The Chaplin film-concerts have taken Mr. Brock to Great Britain, France, Switzerland, Germany, Denmark, Sweden, Austria, Greece, Italy, Holland, New Zealand, Czech Republic, Spain, and the United States. In April of 2005 he conducted an open-air performance of The Circus in Ansan, marking the first live performance of a Chaplin film in Korea. Other silent-film score restorations
In January of 2001, on a commission from the New Zealand Film Festival,
in cooperation with Boosey and Hawkes, London, Timothy Brock restored
the 1929 manuscript of Dmitri Shostakovich’s only silent film
work New Babylon.
He gave that restored score’s live cinematic premiere the
following July in Auckland and Wellington, New Zealand.

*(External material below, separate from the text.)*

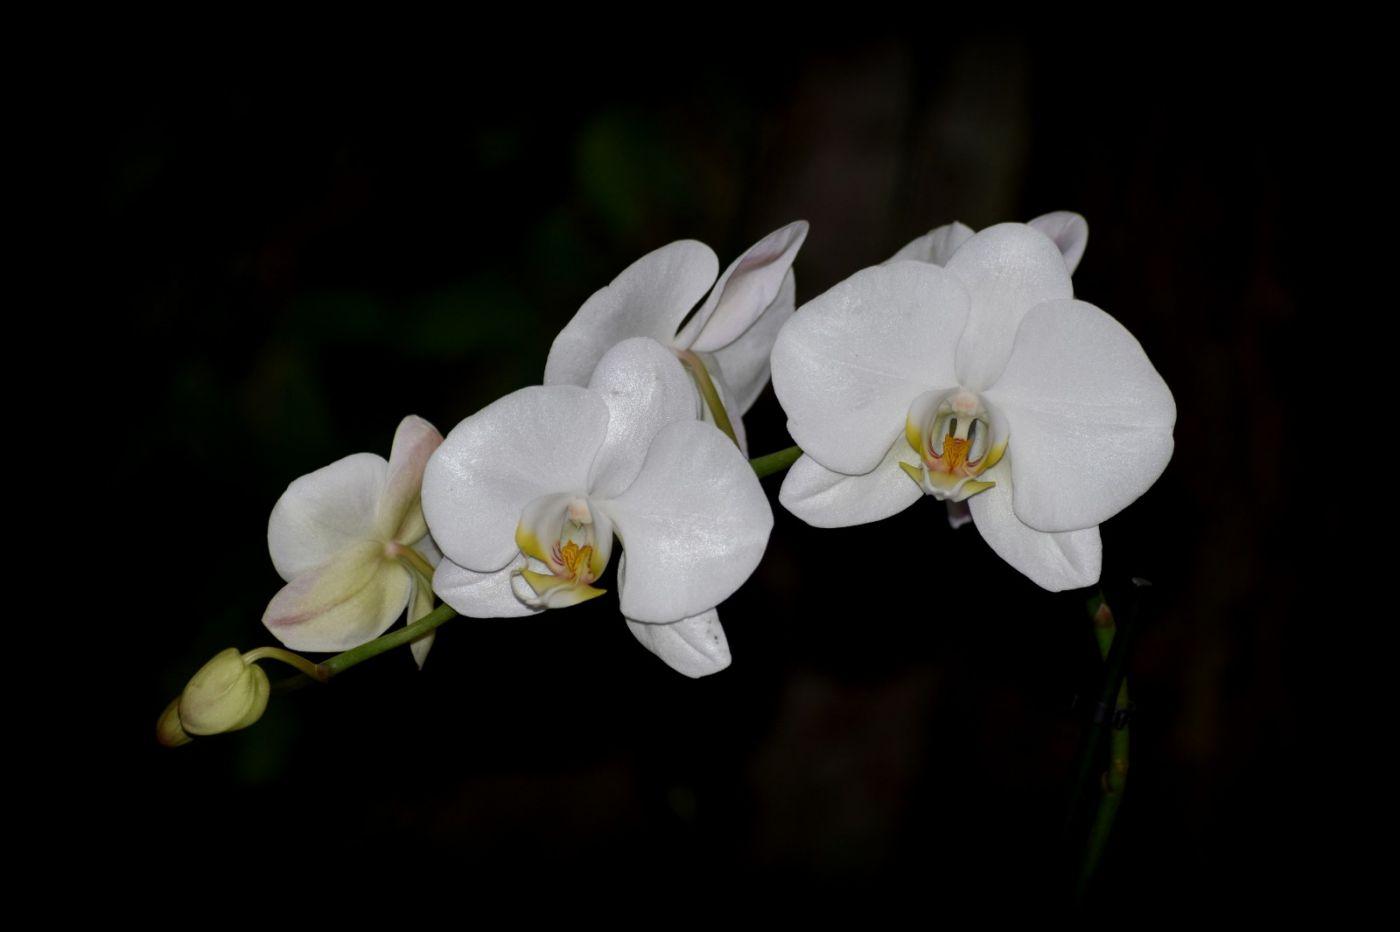 纽约植物园兰花展_图1-19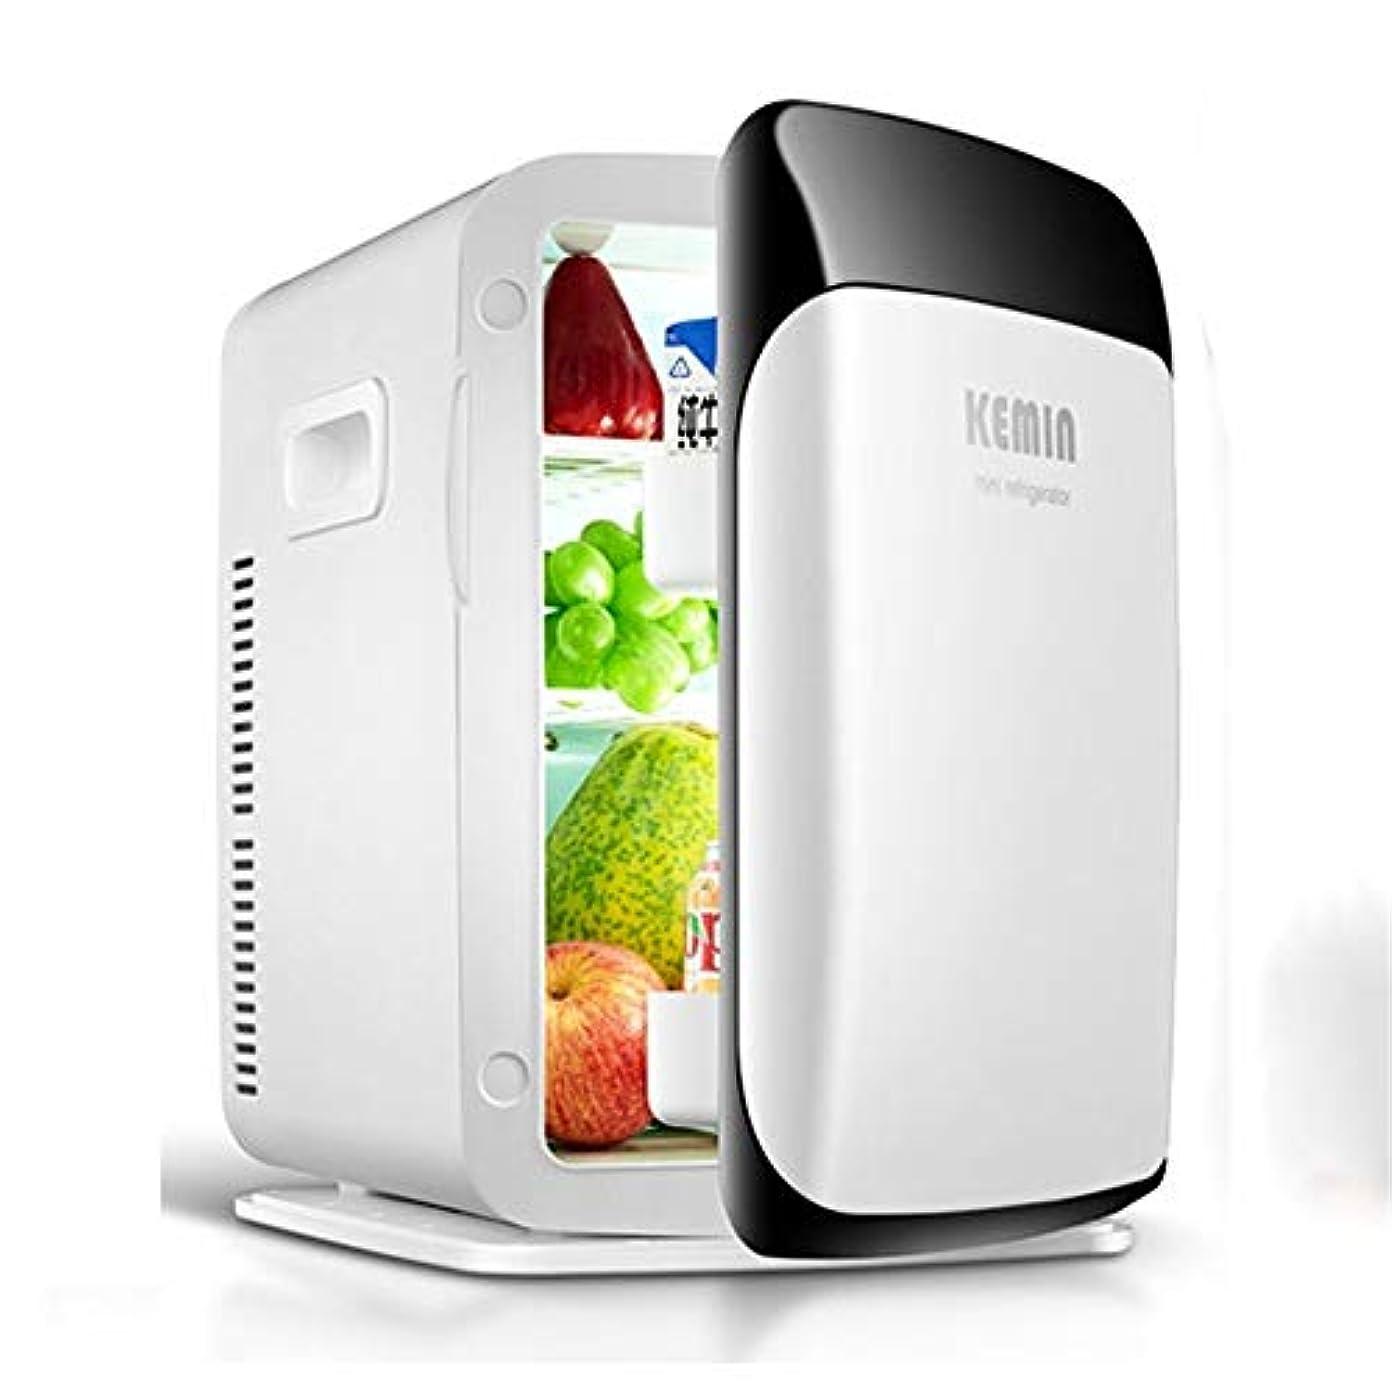 変色する会議版15リットルミニ冷蔵庫車冷蔵庫ポータブルデュアルコア冷凍/暖房冷蔵庫(色:ホワイト)

Subsequently he
has conducted this work in multiple performances throughout Europe, and
most recently at the Cité de la Musique in Paris.Brock conducted from the original manuscript, by Ildebrand Pizzetti and Manilo Mazza, the entire three-and-a-half-hour score to the 1913 epic Cabiria during the Cultural Olympics festival at the site of the 2006 Winter Olympics in Torino, Italy. In co-operation with the National Film Museum in Torino, he is now in the midst of restoring the original manuscript for publication in 2010. Working from the available materials from the US Library of Congress, Brock restored in 1995 the Hugo Riesenfeld’s original compilation score to the Cecil B. DeMille’s 1915 color-tinted production of Carmen, starring Metropolitan Opera star Geraldine Farrar. For new restoration projects see: Latest News
Conducting engagements Recent appearances have included the Royal Festival Hall, the Vienna Konzerthaus, the Accademia St. Cecilia in Rome, the Rotterdam Philharmonic, New York’s Lincoln Center, London’s Barbican Center, the Tonhalle in Zurich, the KKL in Luzern, Teatro Massimo in Palermo, andthe Auditorio de Barcelona and the Cité de la Musique in Paris. In March, 2009, Brock will make his debut with the Chicago Symphony Orchestra in a performance of Modern Times marking its premiere at Symphony Hall.